Dans ces conditions, la croissance allemande pourrait être nulle au second trimestre, voire négative selon certains économistes. Heureusement, l’Espagne et la France seront en mesure de présenter de meilleurs indicateurs fondamentaux. Dans ces pays, la demande domestique devrait compenser les faiblesses du secteur industriel, et permettre à l’Europe d’afficher un taux de croissance en 2019 de +1,2%.
Pas de réelle surprise du coté émergent asiatique avec une croissance chinoise de +6,2% au second trimestre en rythme annuel, soit le niveau le plus faible depuis 27 ans. Cependant, ce chiffre est conforme aux objectifs des autorités politiques, et les dernières publications statistiques de mois de juin sont de bons augures pour le second semestre avec un rebond de la production industrielle (+6,3%) et des ventes de détail (+9,8%).
Marchés Financiers
La consolidation des marchés en mai aura été de courte durée. Le temps pour les banquiers centraux de relancer l’hypothèse d’un nouvel assouplissement monétaire, y compris en Europe.

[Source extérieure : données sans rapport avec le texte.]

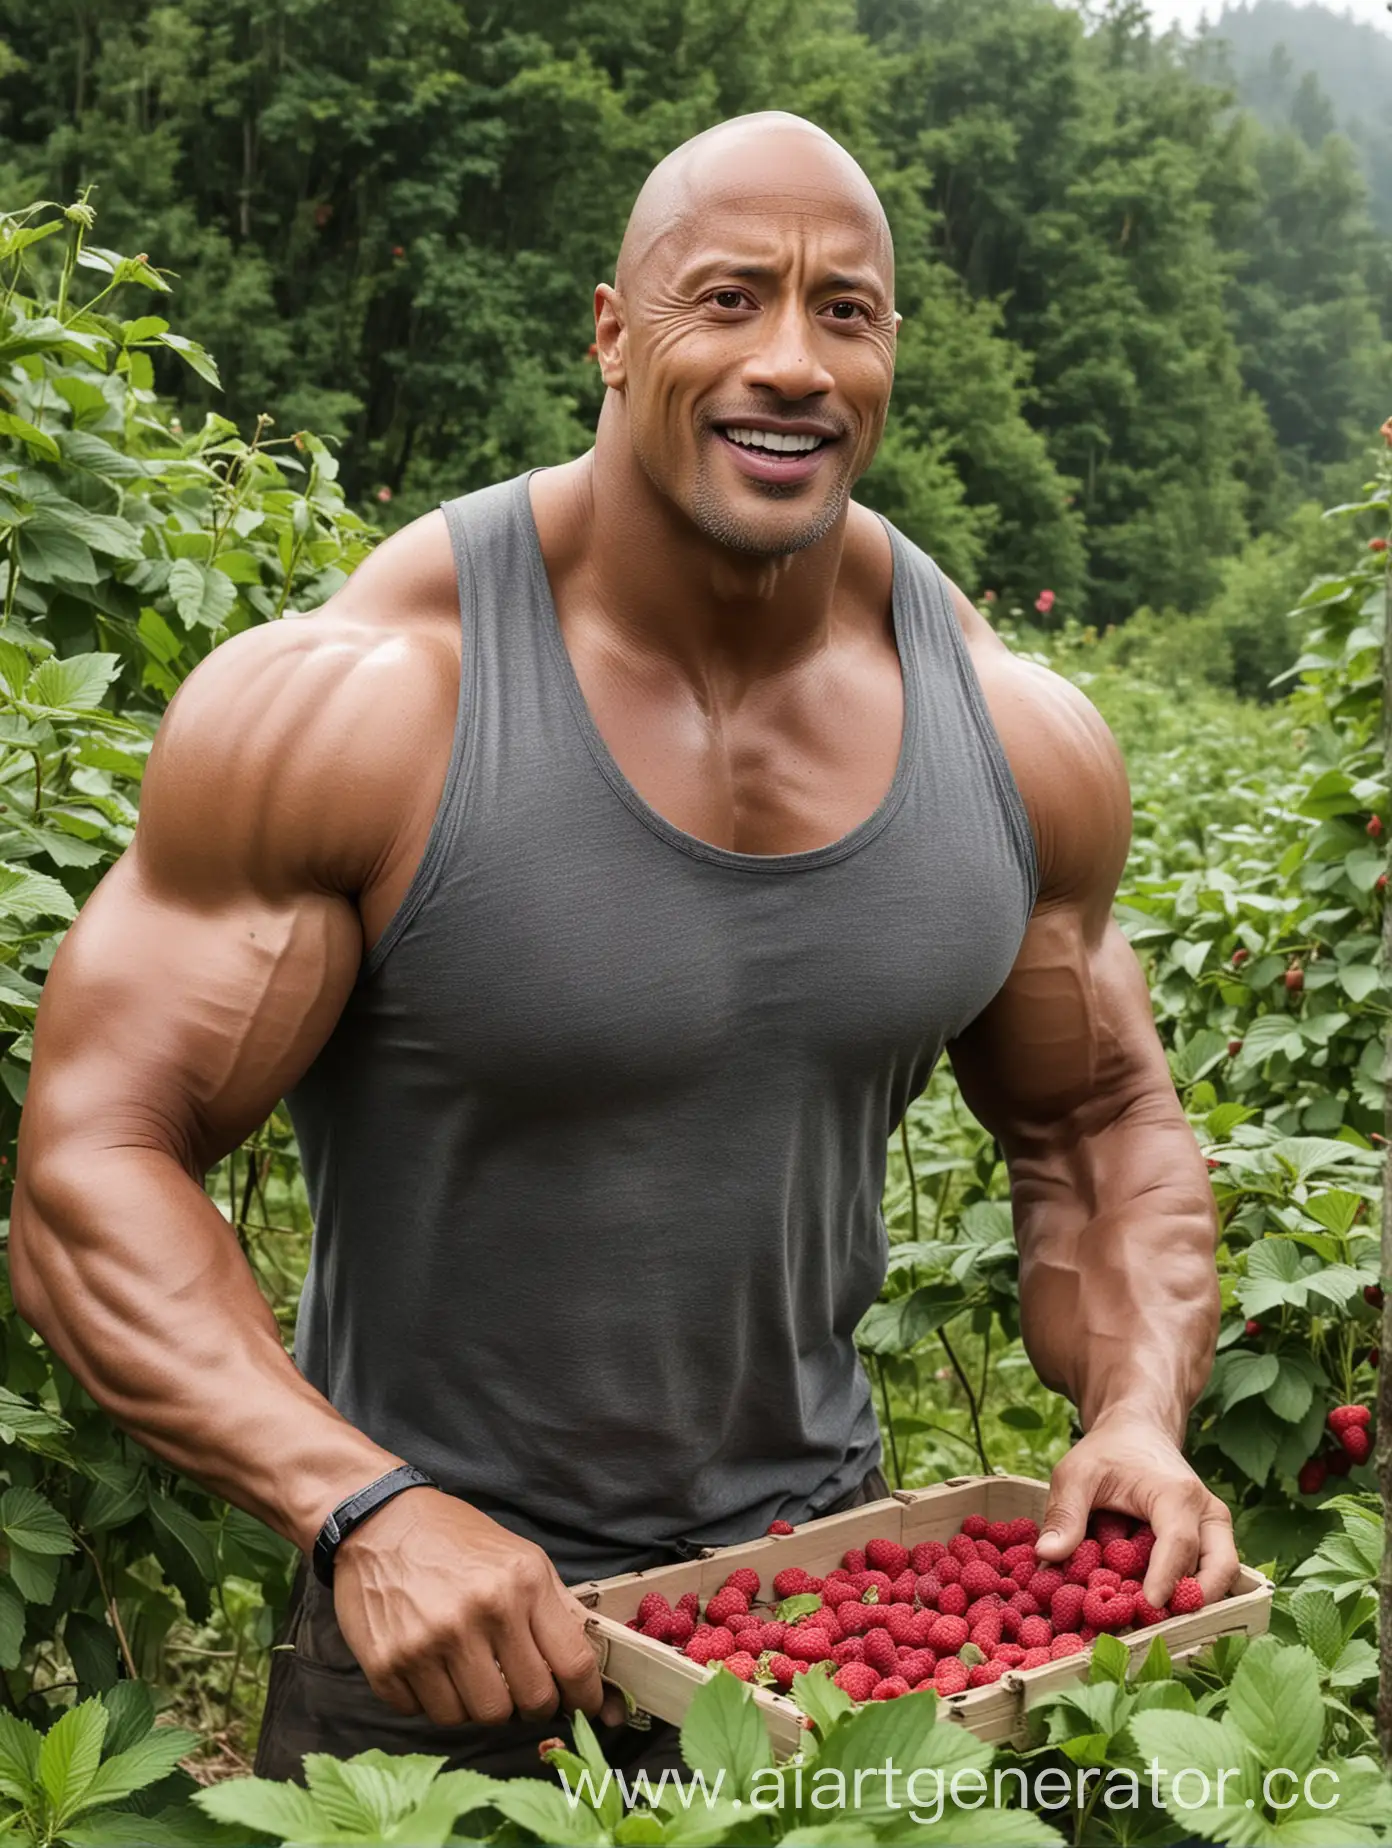 Dwayne-Johnson-Picking-Raspberries-in-Sunny-Orchard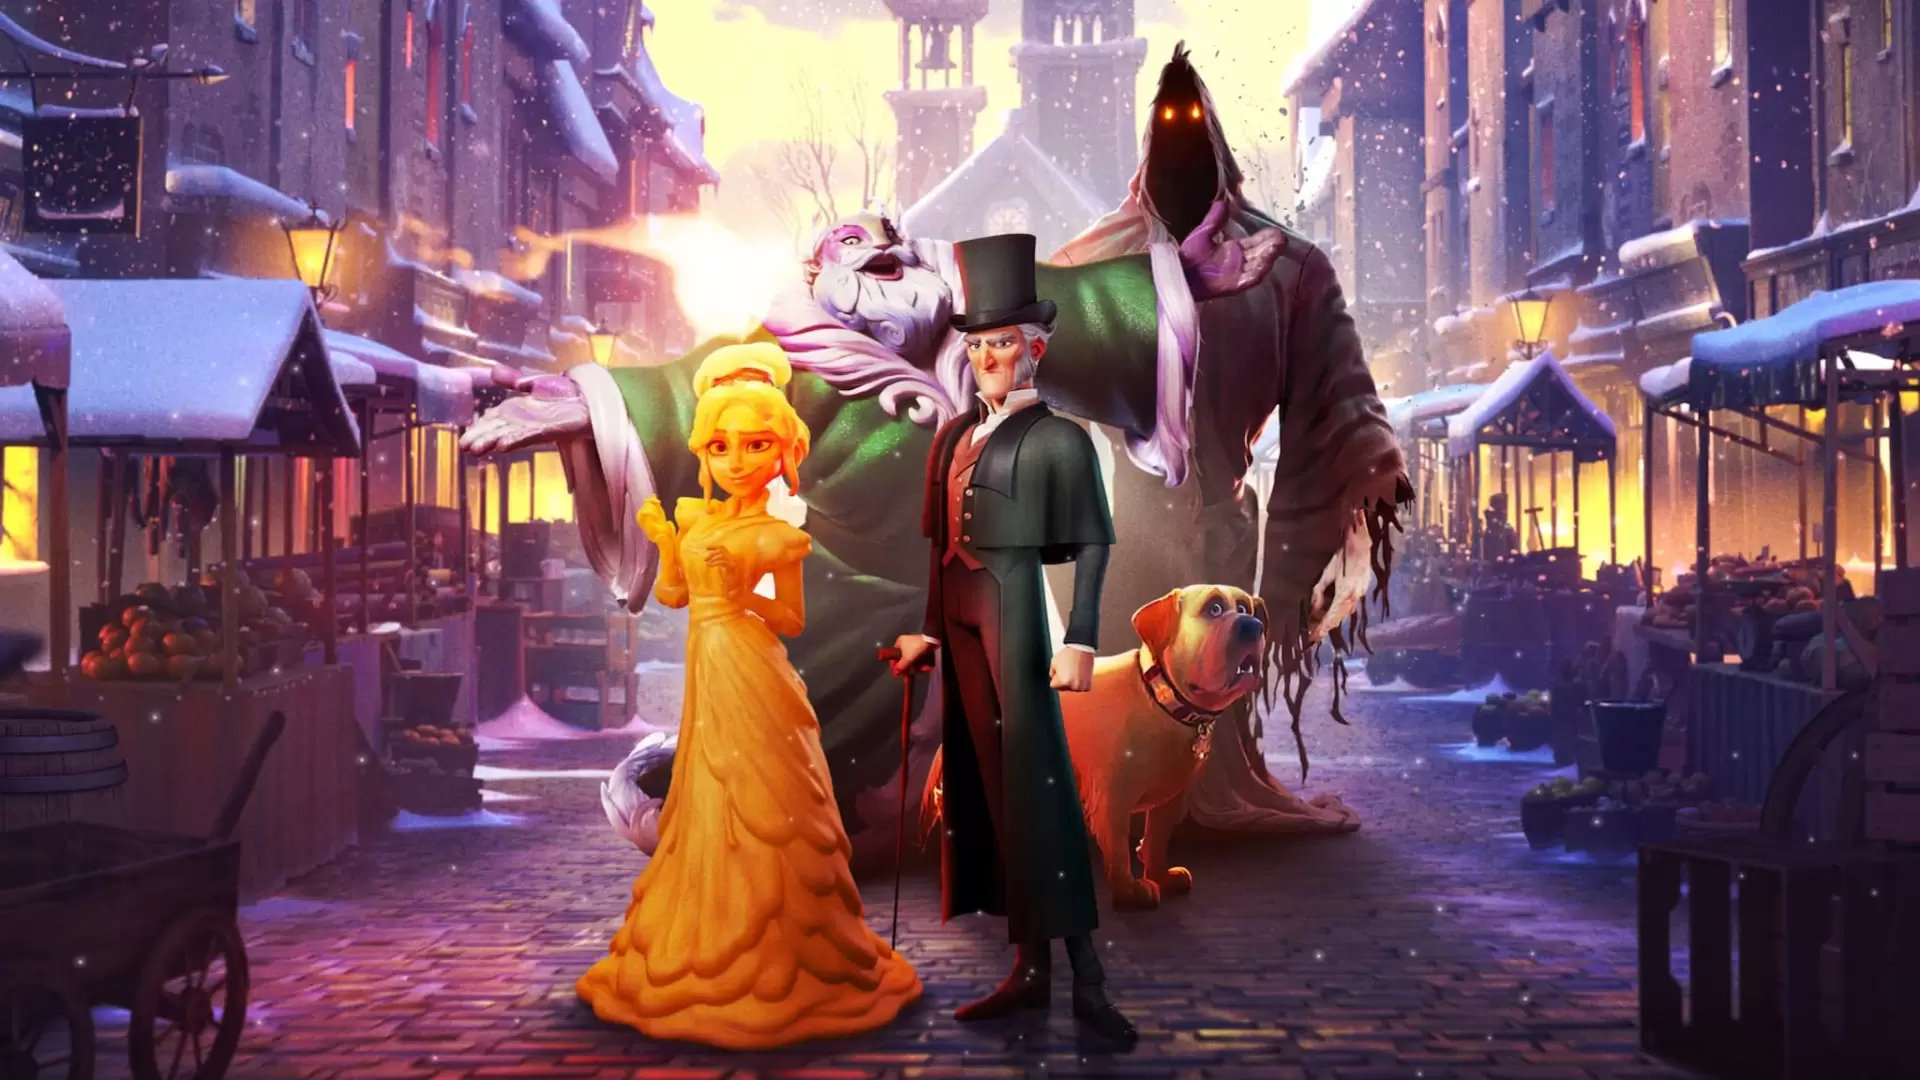 دانلود انیمیشن Scrooge: A Christmas Carol 2022 (اسکروج: سرود کریسمس) با زیرنویس فارسی و تماشای آنلاین

Tous les indices sont ainsi rapidement revenus sur les plus hauts de l’année. Parmi la performance la plus symbolique, on peut souligner l’indice S&P 500 des grandes valeurs américaines qui franchit la barre psychologique des 3 000 pts pour la première fois de son histoire (cf. graphique ci-dessous).

Les investisseurs ont donc pris acte à court terme du soutien sans faille des banques centrales, particulièrement celles des Etats-Unis et de la zone euro. Les marchés obligataires ont également souligné à leur manière le nouveau comportement des autorités monétaires. Les rendements des obligations souveraines se sont encore détendus. Celui de l’emprunt d’état américain à 10 ans est retombé sous les 2% début juillet (contre un plus haut à 3,26% en octobre 2018). Plus spectaculaire est le chemin du Bund allemand qui affichait en début de mois un rendement sur un nouveau plus bas historique à -0,40% !
Les investisseurs en actions ont également pris acte de la trêve temporaire au dernier G20 au Japon entre D. Trump et Xi Jinping au sujet des relations commerciales entre les deux pays. Les opérateurs de marchés semblent repousser à plus tard le risque d’une aggravation du conflit commercial entre les grandes puissances mondiales.
Cependant, tous les risques n’ont pas pour autant disparu . La forte baisse des rendements obligataires est-elle le signe d’un ralentissement économique plus intense dans les prochains mois, où d’un éventuel retour des risques déflationnistes ? La « guerre commerciale » entre les Etats-Unis et l’ensemble de ses partenaires économiques est loin d’être achevée. Ce sujet devrait être au cœur de la campagne électorale du président américain avec un éventuel dénouement avant les élections présidentielles de novembre 2020. Enfin, les tensions au Moyen-Orient dans le détroit d’Ormuz, la reprise des négociations du Brexit à la rentrée et d’éventuelles élections générales avancées en Italie pourraient être également des événements susceptibles d’inquiéter les marchés financiers.
Mais à court terme,tous les yeux des investisseurs seront tournés vers les publications semestrielles des entreprises . Ces dernières devraient générer quelques déconvenues compte tenu du ralentissement économique observé au second trimestre sur la scène mondiale.